The Battle of Weary Dunlop – Rebels v Tahs

The Rebels host the Waratahs in a battle for a spot in the finals.

It’s that time of year again; the week all Rebels fans have been waiting all season for, the week the team we love to hate graces AAMI park with their presence. It’s the Rebels v Waratahs week, Mexico v Trump, Melbourne v Sydney. It’s time for the Weary Dunlop Shield to return south of the border, where it belongs.

Let’s face it, with three games to go whoever loses this one’s season is over, both sides are fighting for the chance to play finals, and can’t afford to lose this game.  The Tahs are in a position where they need to win all three and hope some results go their way to secure a position in the Top 8.  The Rebels are hoping a win here so they can not rely on picking up a result in Christchurch next weekend.

The Rebels are coming off a massive win in Japan in Tokyo, with some big names returning from injury.  Matt Toomua making his first start of the year this is the strongest side the Rebels have fielded all season.

The Tahs, on the other hand, are coming off a tough loss to the Jaguares where they failed to pick up a bonus point.

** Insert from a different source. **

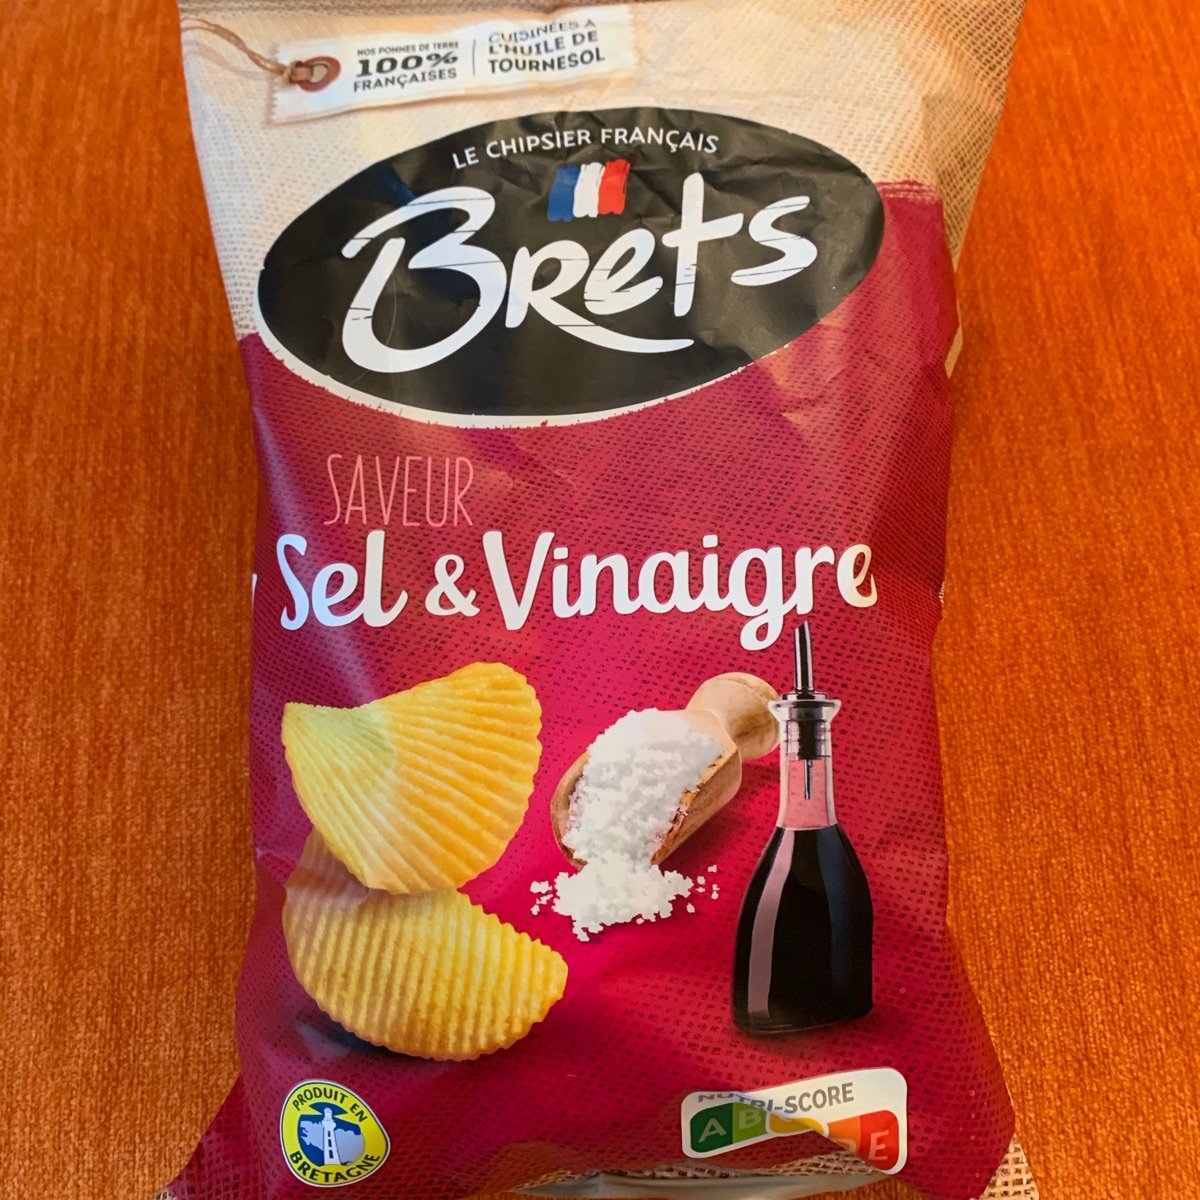 Brets (Le Chipsier Français) Chips saveur sel & vinaigre Review
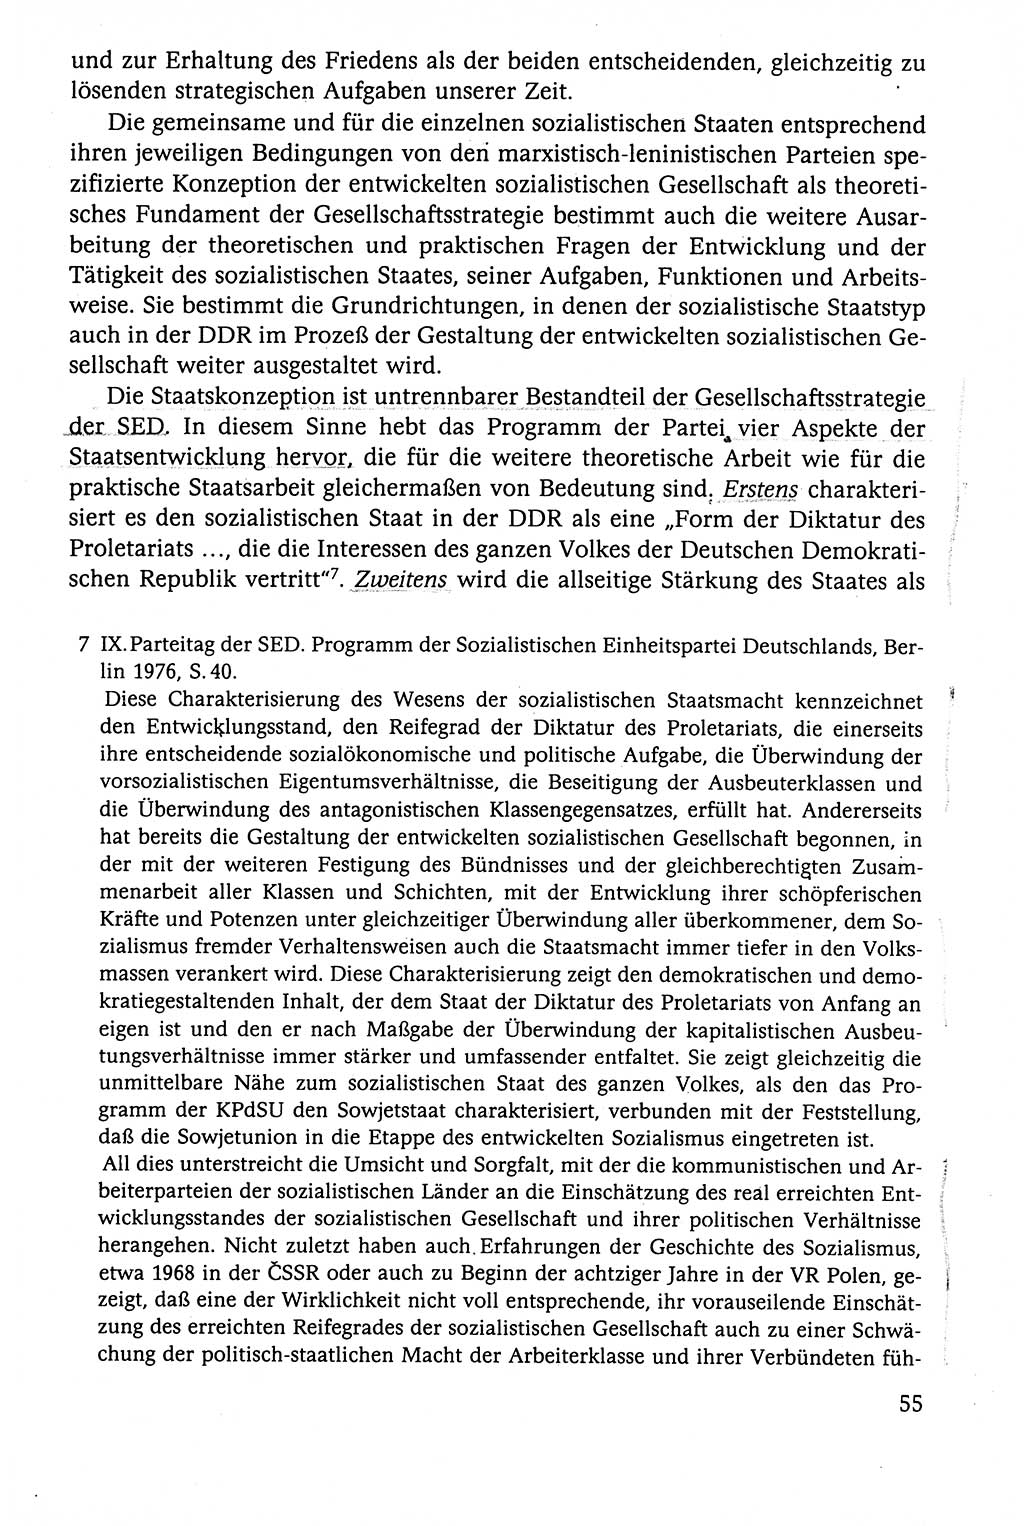 Der Staat im politischen System der DDR (Deutsche Demokratische Republik) 1986, Seite 55 (St. pol. Sys. DDR 1986, S. 55)

The Waratahs have been the bridesmaids all season long, with all 8 losses being by under 10 points.  Talk about a season of missed opportunities.

Teams

The Rebels welcome back Jones and Naisarani from injury, bolstering an already strong pack.   Richard Hardwick retains his spot at 7, with Cottrell dropping to the bench.

Matt Toomua gets his first start at 12, pairing with Hodge at 13.  Meakes moves to the bench, giving the team some great finishing options deep into the match.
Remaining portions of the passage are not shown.